ENTRIES SHOWN: Begin

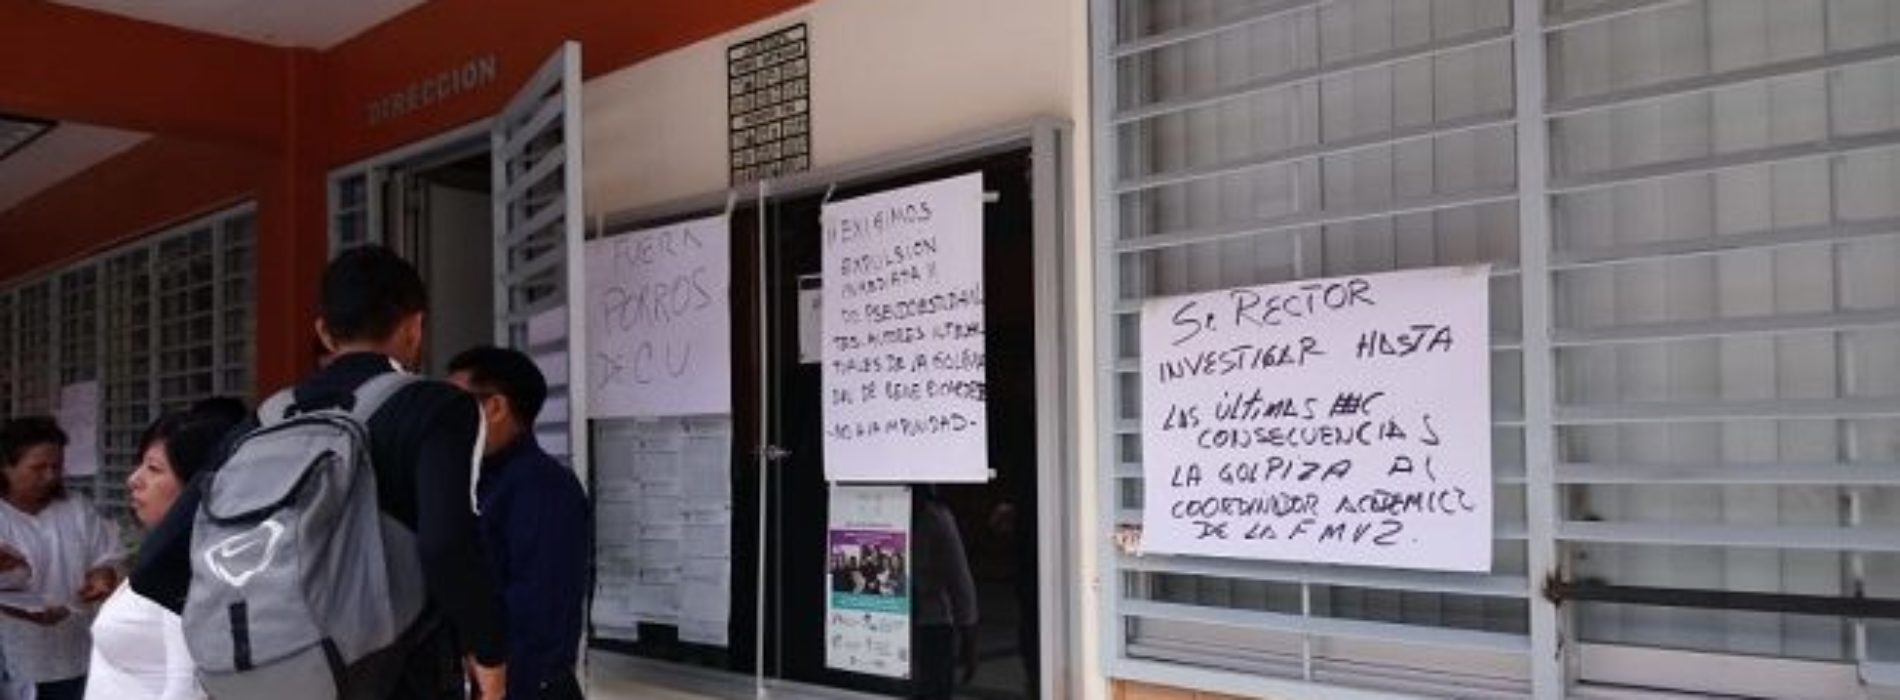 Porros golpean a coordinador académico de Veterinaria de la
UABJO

ENTRIES SHOWN: End
ENTRIES SHOWN: Begin

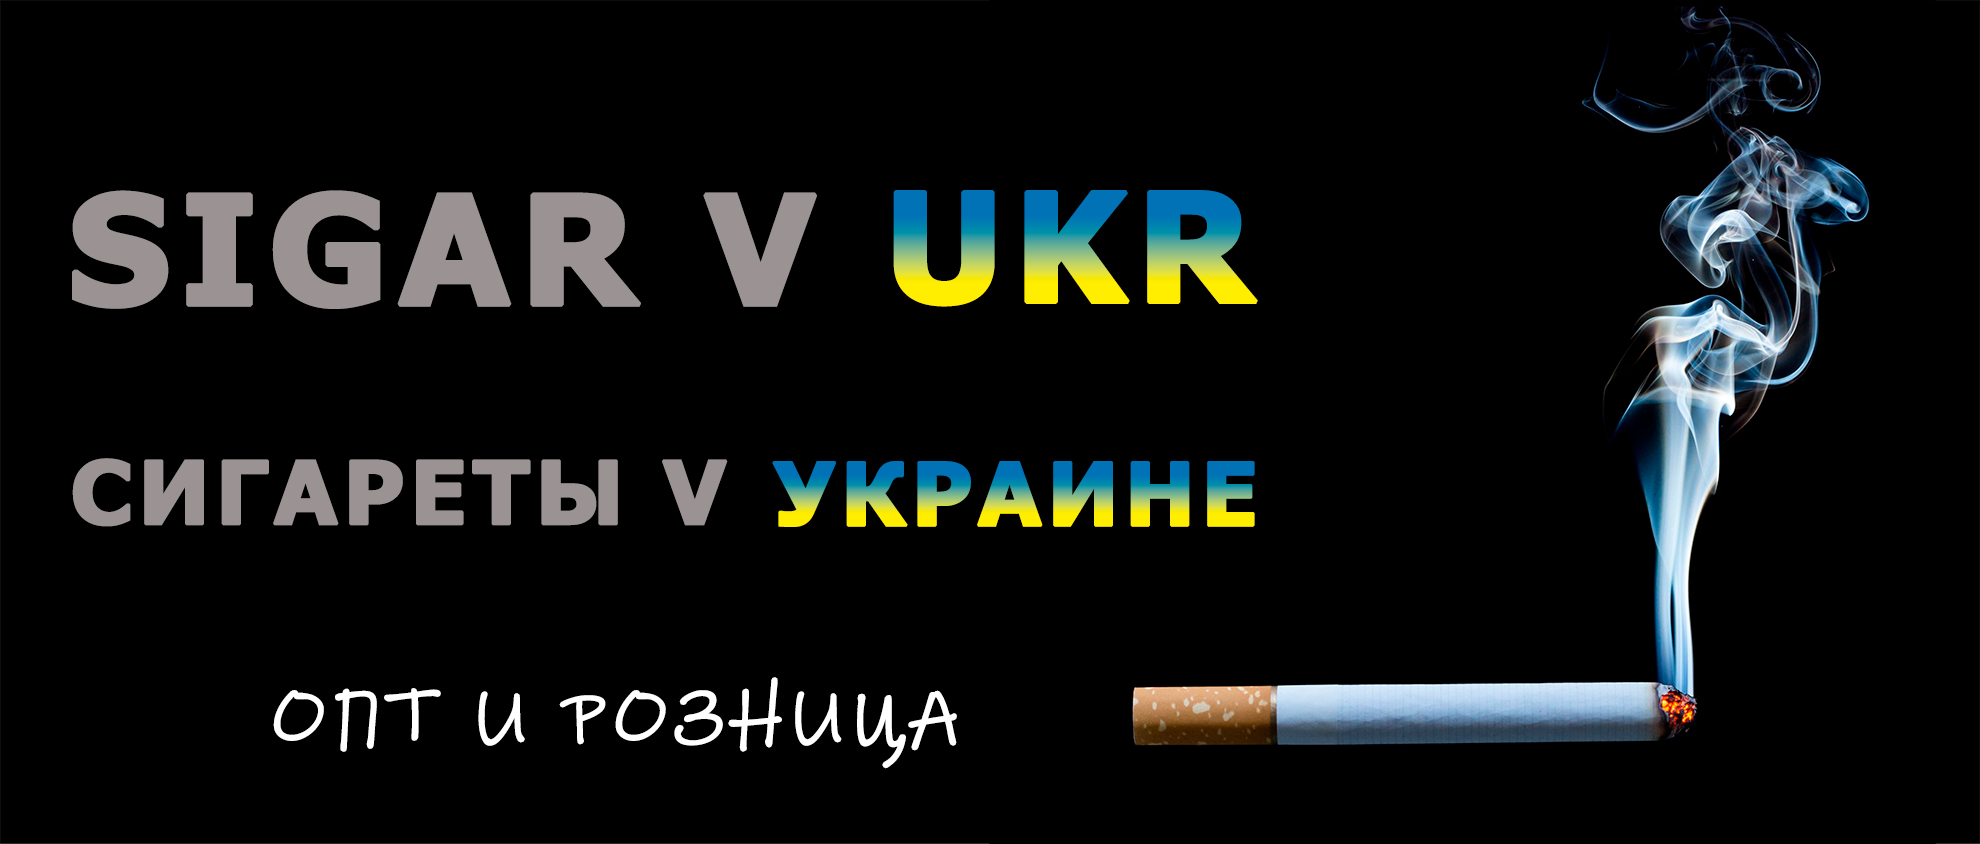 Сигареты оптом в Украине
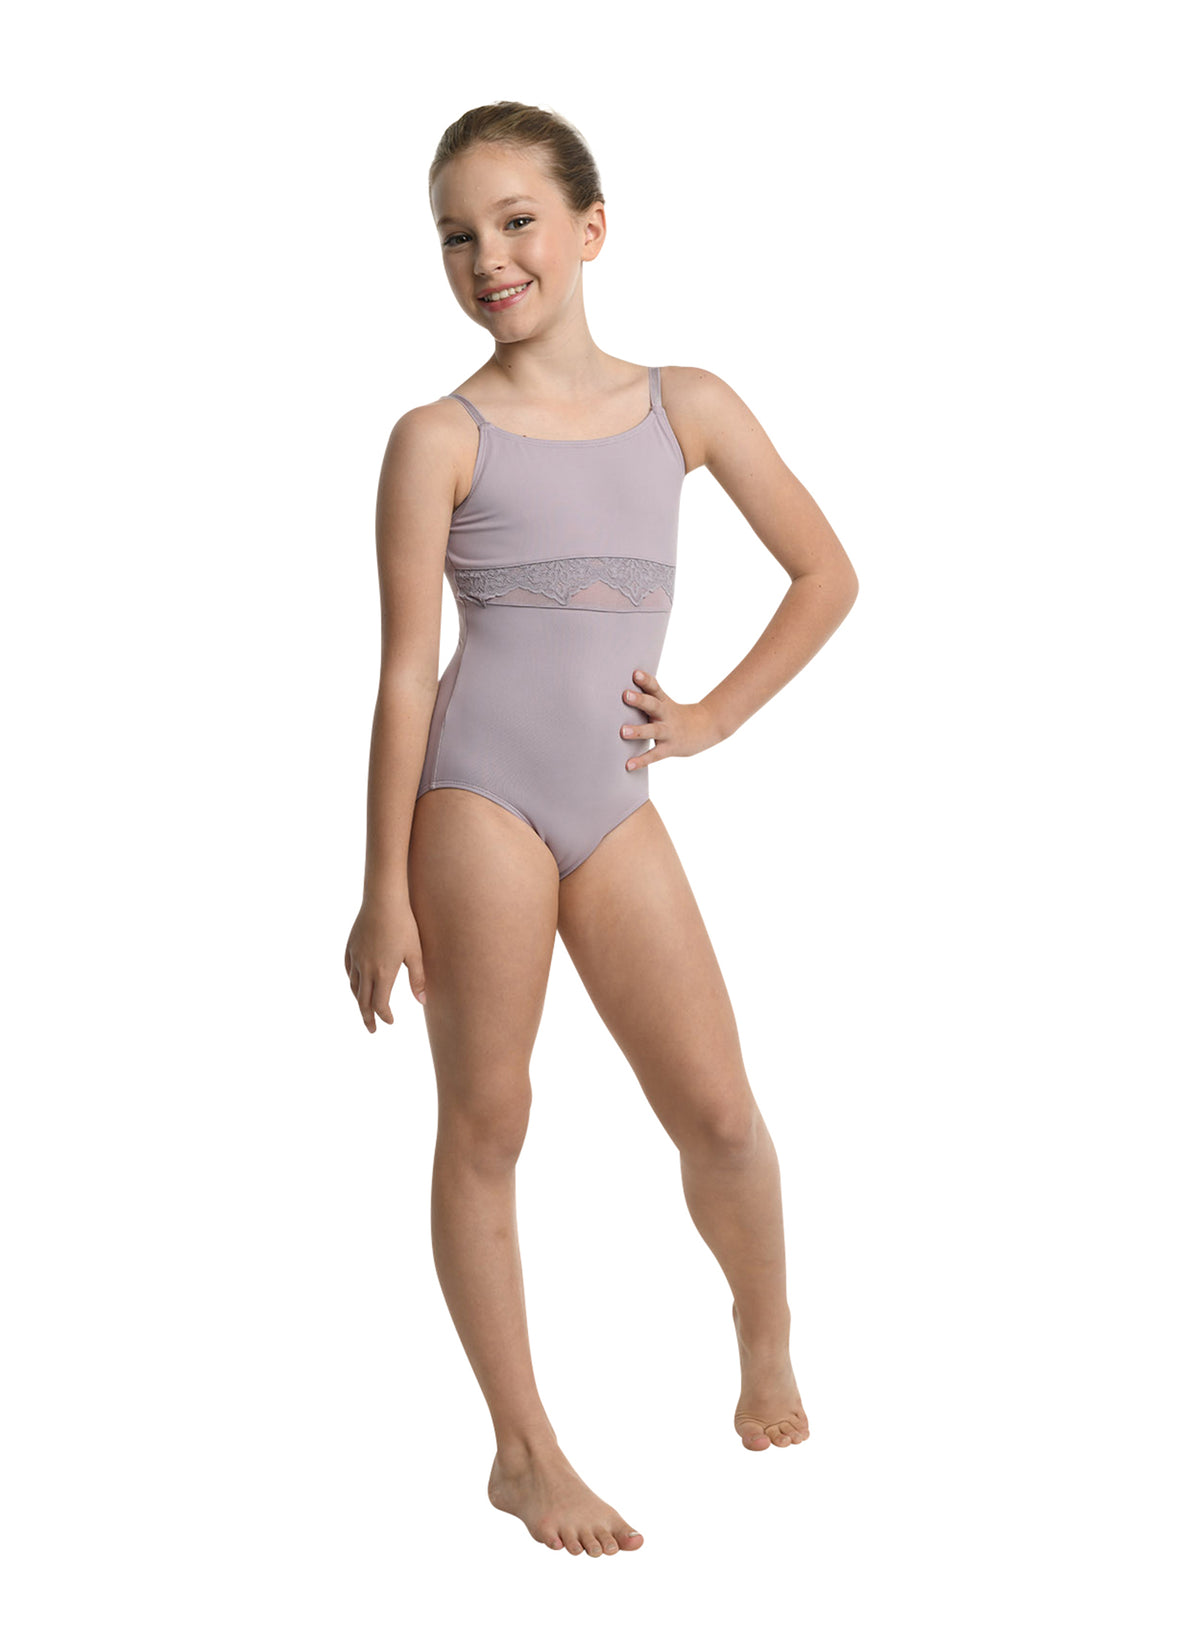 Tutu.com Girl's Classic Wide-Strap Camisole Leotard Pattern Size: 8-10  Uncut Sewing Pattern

ENTRIES SHOWN: End

◆ PROBLEM TO WORK ON ◆
Leaving pictures out, output the lines of the data above from the one with "Сигареты оптом в Украине" through the one with "Tutu.com Girl's Classic", word for word.

◆ EXERCISE ANSWER ◆
 Сигареты оптом в Украине
 Tutu.com Girl's Classic Wide-Strap Camisole Leotard Pattern Size: 8-10  Uncut Sewing Pattern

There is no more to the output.